## ACTIVITY
Print the data below verbatim, minus images.

## DATA
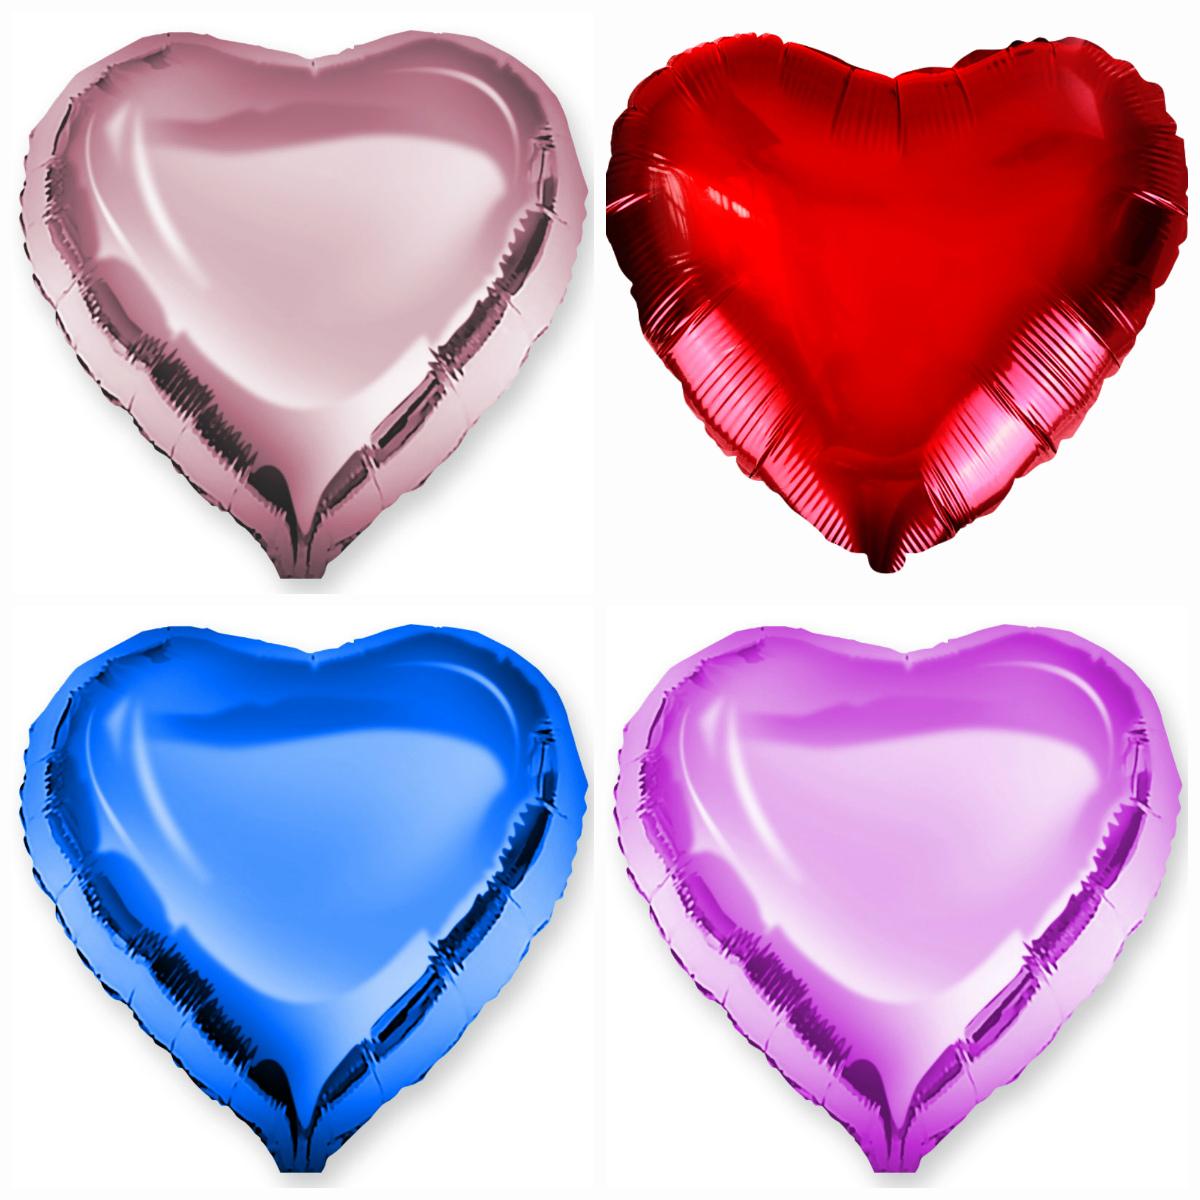 Недорогие шары в форме сердца
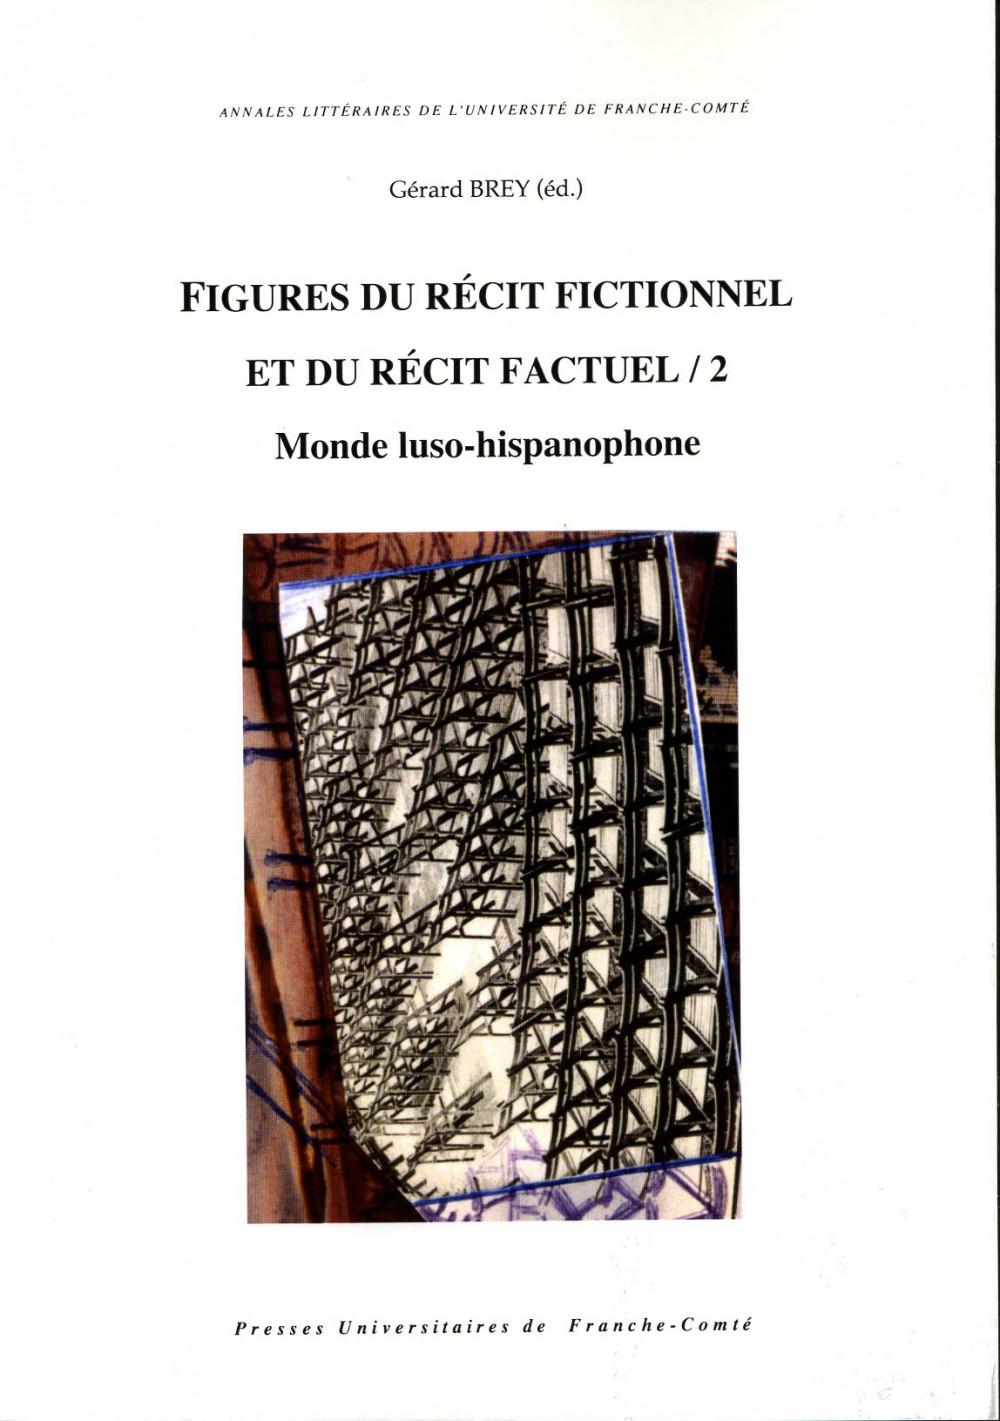 Figures du récit fictionnel et du récit factuel /2
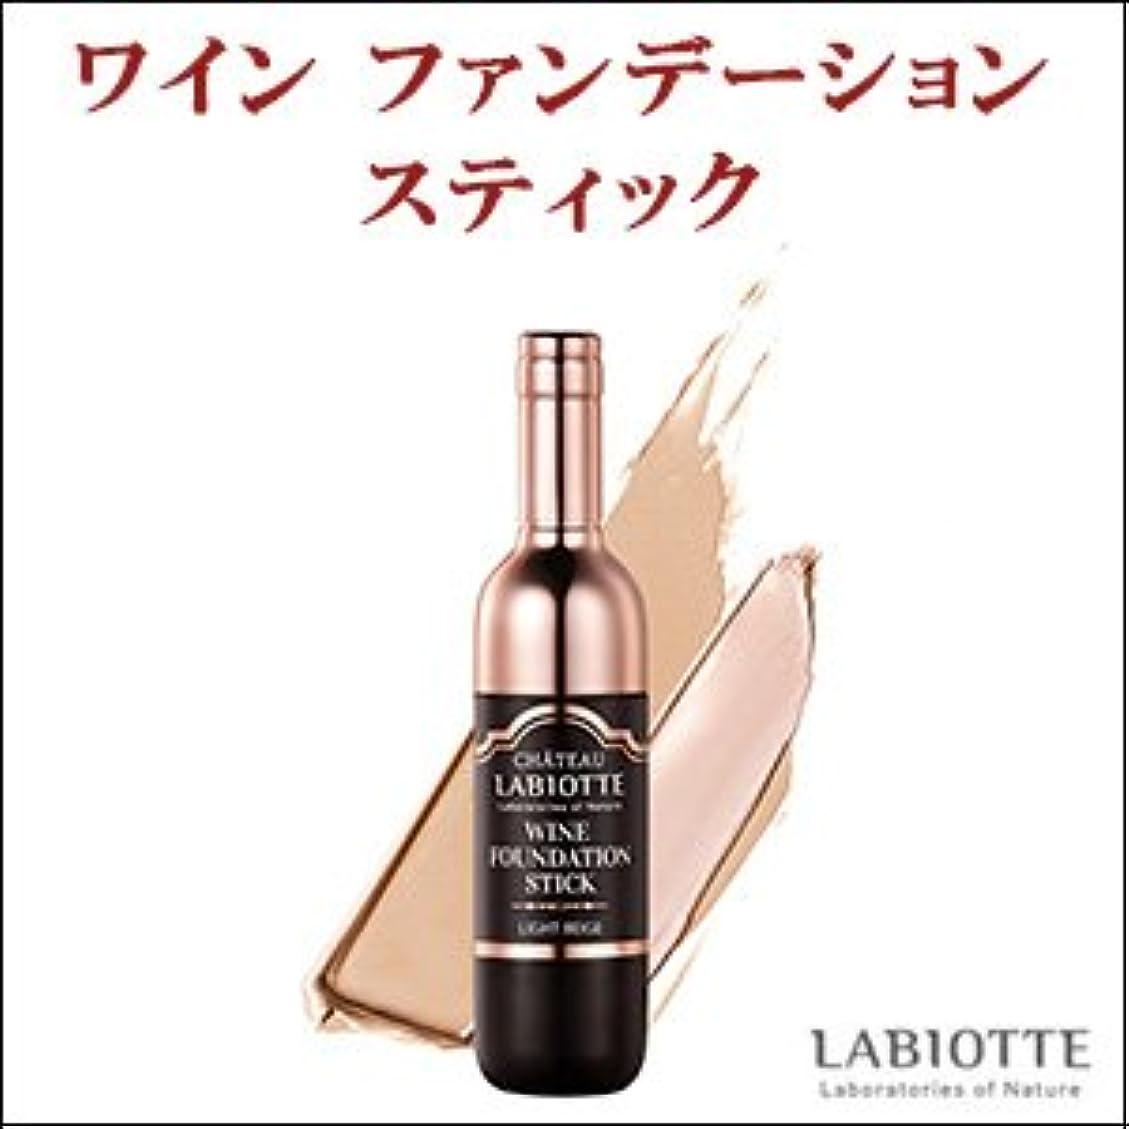 信頼対象ワイドLABIOTTE シャトー ラビオッテ ワイン ファンデーション スティック カラー:P21 ピンクベージュ

## TASK ANSWER
 Недорогие шары в форме сердца
 Figures du récit fictionnel et du récit factuel /2
 信頼対象ワイドLABIOTTE シャトー ラビオッテ ワイン ファンデーション スティック カラー:P21 ピンクベージュ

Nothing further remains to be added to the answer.